• Outcome measures will evaluate employment or disability status, a quality of life evaluation (Rand 36-Item Short Form Health Survey),an assessment of rib fracture pain (McGill Pain Questionnaire or MPQ), and complications related to injury or treatment. [ Time Frame: At study entry and 2 month intervals for up to 12 months ] [ Designated as safety issue: Yes ]
  

Device: Device: RibLoc ™ (U-plate) Fracture Repair System
With the goal of improving the durability of fixation of rib fractures over the techniques currently available and with the additional goal of developing a minimally invasive technique, a U-shaped plate was developed (RibLoc ™). The design of the RibLoc ™ theoretically overcomes the inherent softness of the human rib by grasping the rib over its superior margin and by securing the plate with anterior to posterior locking screws that do not rely on screw purchase in bone. Thus much of the strength and durability of the fixation is transferred from the relatively soft rib to the plate itself.

Rib fractures are a painful and disabling injury commonly found among trauma patients. According to the National Center for Health Statistics, approximately 300,000 people with rib fractures were treated in emergency and ambulatory care departments in the United States in the year 2004.1 The Healthcare Cost and Utilization Project's Nationwide Inpatient Sample for the year 2003 indicated that 102,000 patients with rib fractures were admitted to U.S. hospitals, representing 7 % of all injured patients.

Within the past decade a subgroup of patients with symptomatic rib fracture non-unions has been identified. These are patients who present to primary care physicians and surgical clinics more than 3 months, or in some cases several years, following a rib fracture injury with complaints of rib pain associated with persistent fracture movement. They are usually told by their physician that surgical intervention is either unnecessary or fruitless and are treated with chronic pain management regimens. The true incidence and the long-term outcome of this syndrome are completely unknown.

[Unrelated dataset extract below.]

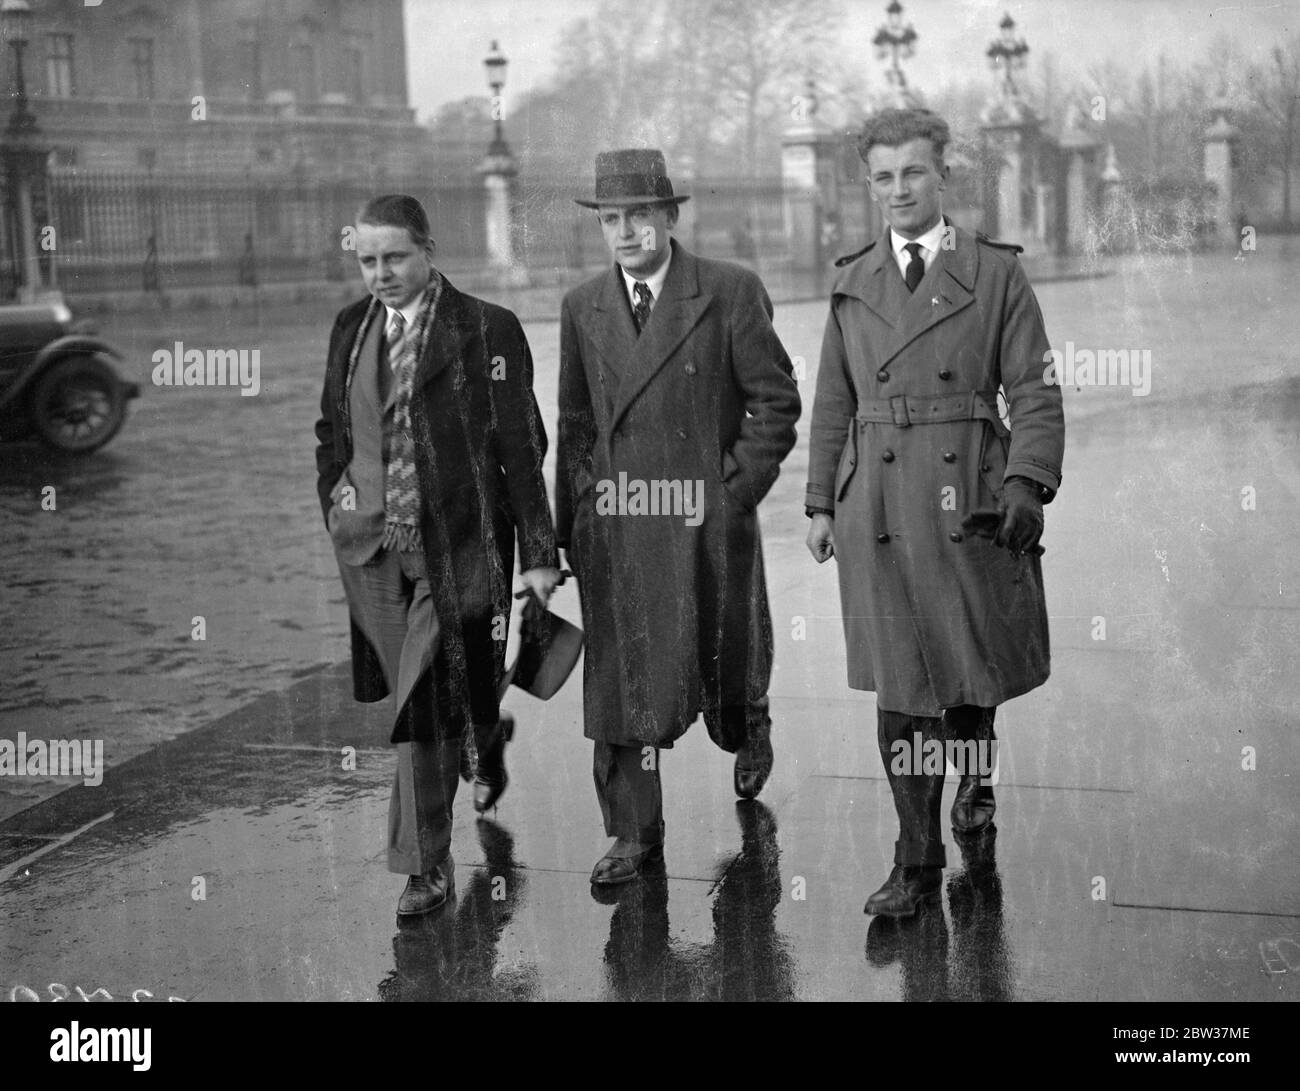 Leader of German Nazi youth in London . Alliance with British youth movement . Herr Nabersberg , an official of the Nazi youth movement , is visiting London . He desires to establish some kind of permanent relations between the youth movements of Britain and Germany , and has arranged to see a leading official of the Boy Scout movement . Herr Nabersberg ( with scarf and without hat ) walking with friends near Buckingham Palace . 15 January 1934 Stock Photo

At OHSU, we have had a long interest in the indications for and the outcomes of rib fracture repair. One of the first of three nearly simultaneous reports of successful surgical intervention of symptomatic rib fracture non-union originated here at OHSU in 2001. Two other successful case reports have appeared more recently. We are currently being contacted frequently by patients or their physicians, mostly out of state, for consideration of rib fracture non-union repair. Our ongoing experience with rib fracture non-union repair has been favorable, but we believe that a prospective clinical study with at least 6 months of post-operative outcome is necessary. In addition, because the insurance company approval process for surgical intervention for rib fracture non-union is often 2 - 3 months and occasionally longer, we have an opportunity to follow the intermediate-term natural history of rib fracture non-unions for several months prior to surgical intervention.

The rationale for conducting this study is to demonstrate in a prospective study that the RibLoc ™ repair system is durable and safe in a population of patients with rib fracture non-union. Although this clinical outcome data is not required by the FDA to market and implant this prosthesis, the investigators believe that to establish the clinical benefit of the RibLoc ™ device for non-union repair, prospectively collected outcome data are necessary.